‘I can’t ignore the progression of my disease,’ says woman challenging assisted-dying law
A B.C. woman with spinal muscular atrophy is joining the British Columbia Civil Liberties Association to challenge the federal government’s new assisted-dying legislation.
Julia Lamb, 25, of Chilliwack, B.C., launched the constitutional challenge with the BCCLA in Vancouver on Monday morning.
Lamb said she has been using a wheelchair since she was six, and in spite of her disease, she had a full childhood and continues live a full life working part-time as a marketing assistant.
“As I look back at all I have accomplished … I feel a strong sense to forge ahead, but I can’t ignore the progression of my disease,” she said.
“My ligaments and tendons have contracted over time, which limits my mobility and causes me pain,” she said.
“I am terrified that I could be trapped in a state of physical and mental suffering that could last for months, years or even decades. Having to think about this future causes me immense physical distress.”
Lamb said she needs personal care for basic tasks such as bathing and even turning over in bed.

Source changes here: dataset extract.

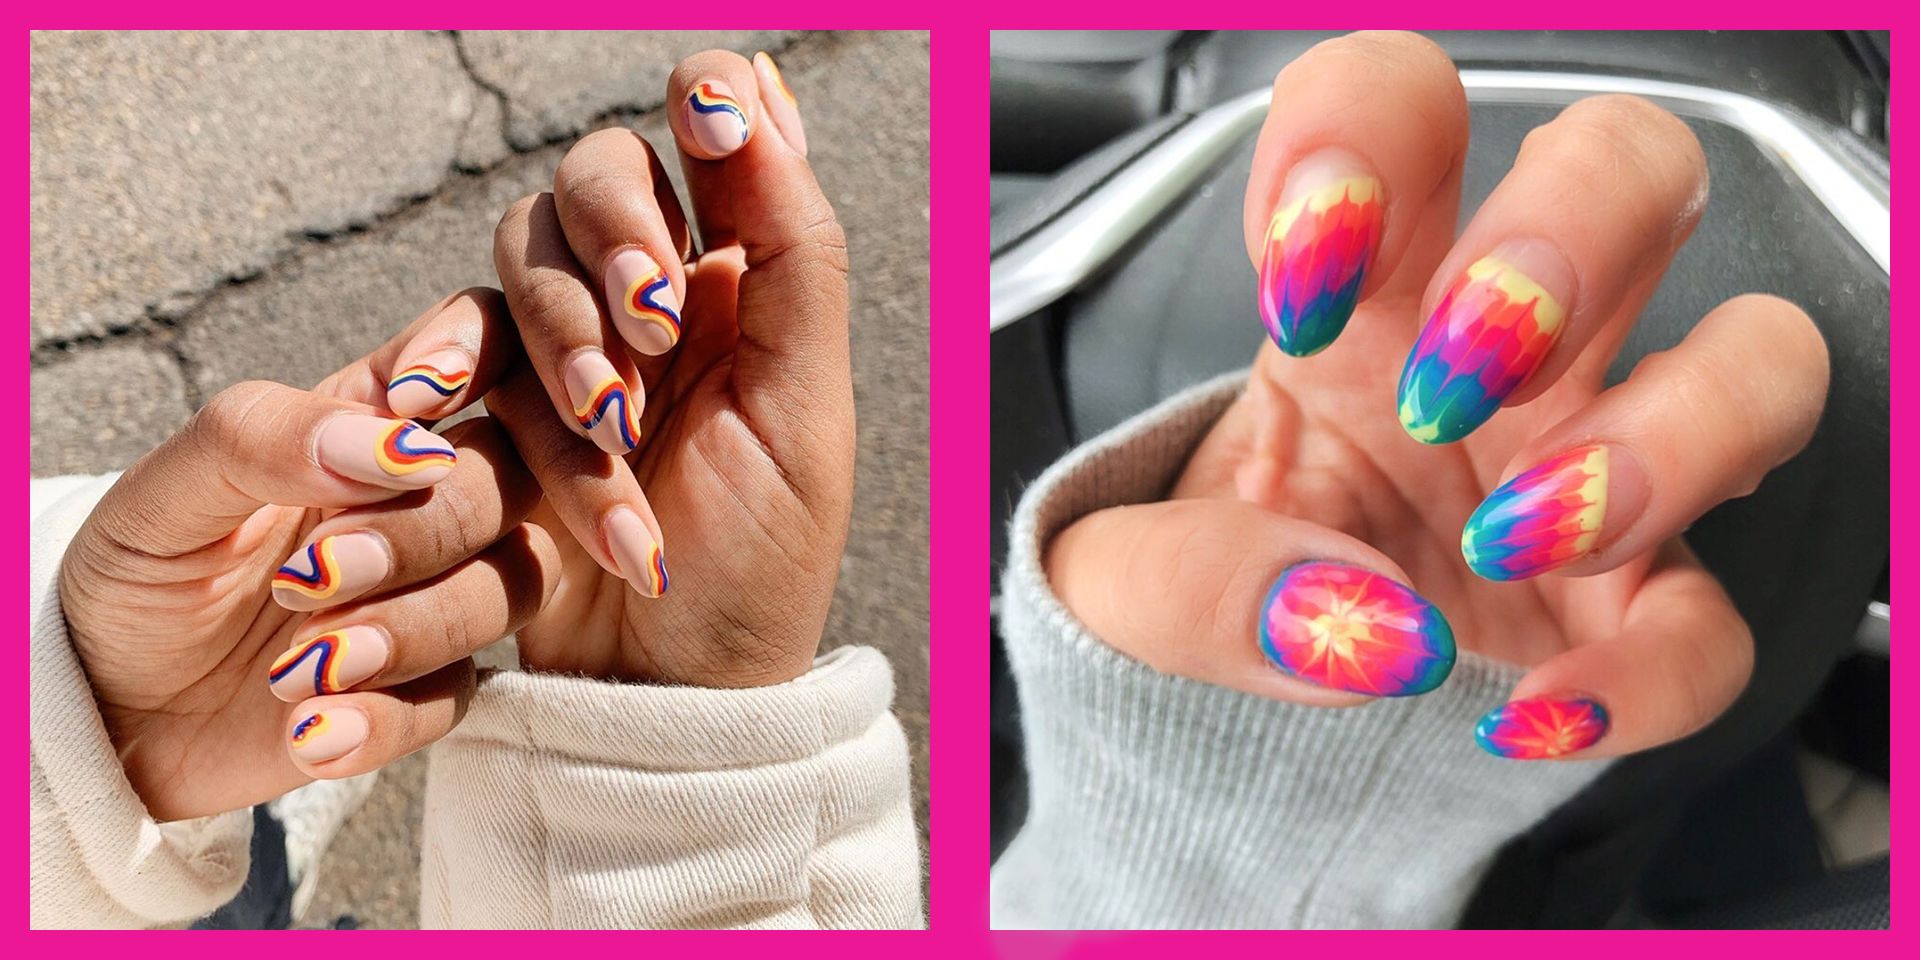 nail designs pictures

“If my suffering becomes intolerable, I would like to be able to make a final choice about how much suffering to endure,” Lamb said.
More voices sought by BCCLA
The lawsuit, which was filed on Monday morning in B.C. Supreme Court, challenges the new assisted-dying law, which only allows medically assisted dying for Canadians with terminal illness.
It does not permit assistance in dying for those who are suffering with no immediate end in sight, said Grace Pastine, litigation director for the BCCLA.
“This legislation is clearly unconstitutional. It deliberately excludes a class of Canadians — those who are suffering with no immediate end in sight. How can we turn away and ignore their pleas?”
“Grievously and irremediably ill Canadians who are suffering unbearably should have the right to choose a dignified and compassionate death. This right was confirmed by the Supreme Court of Canada last year.”
Pastine also issued a plea for Canadians in similar circumstances to contact the BCCLA to add their voices to the case.
The case will be led by the same legal team that guided the previous court challenge. That includes Joseph Arvay and Alison Latimer, both of Farris, Vaughn, Wills & Murphy LLP, and Sheila Tucker of Shapray Cramer Fitterman Lamer LLP.
BCCLA executive director Josh Paterson said the group has launched a crowd-funding effort on the gofundme.com website in order to help pay for what he expects to be a costly legal battle.
“The last time we had to fight this battle we spent over $200,000 going up to the Supreme Court. That was in addition to the hard work of lawyers like Alison Latimer who generously donated their time,” said Patterson.
The case will not include a direct legal challenge of the government’s decision not to include advance directives in the new legislation, said Paterson.
A spokeswoman for Justice Minister Jody Wilson-Raybould issued a short response to the court challenge.
“We are aware of this potential challenge and will respond in the courts as appropriate,” said the statement issued by the director of parliamentary affairs, Joanne Ghiz.
“In Carter v. Canada, the Supreme Court of Canada made a legal determination and, as parliamentarians, we responded. The medical assistance in dying legislation is a principled, cautious and deliberate response, and I am confident that it is constitutional.”
The Liberal government’s controversial assisted dying legislation was approved on June 17, after passing a vote in the Senate earlier that day.
It was spurred by a 2015 Supreme Court of Canada ruling that struck down the ban on physician-assisted dying on the grounds that it violated Canadians’ charter rights.
But the legislation was criticized in part because it was limited to those facing a “reasonably foreseeable” death.
Critics say that excludes people with a non-terminal illness, including Kay Carter, who launched the original court challenge with the BCCLA before her death.
“The new legislation will have the perverse effect of forcing seriously ill Canadians to resort to violent methods or the ‘back alley,'” said Pastine.
“People will find ways to end lives that have become unbearable, even if that means choosing a violent, risky death. No one should be forced to make that cruel choice.”
The government said it was operating under a compressed timeframe to meet a June 6 deadline imposed by the Supreme Court and promised there will be further study and possible amendments.
Spinal muscular atrophy is a progressive neurodegenerative disease characterized by loss of motor neurons and muscle wasting, often leading to early death.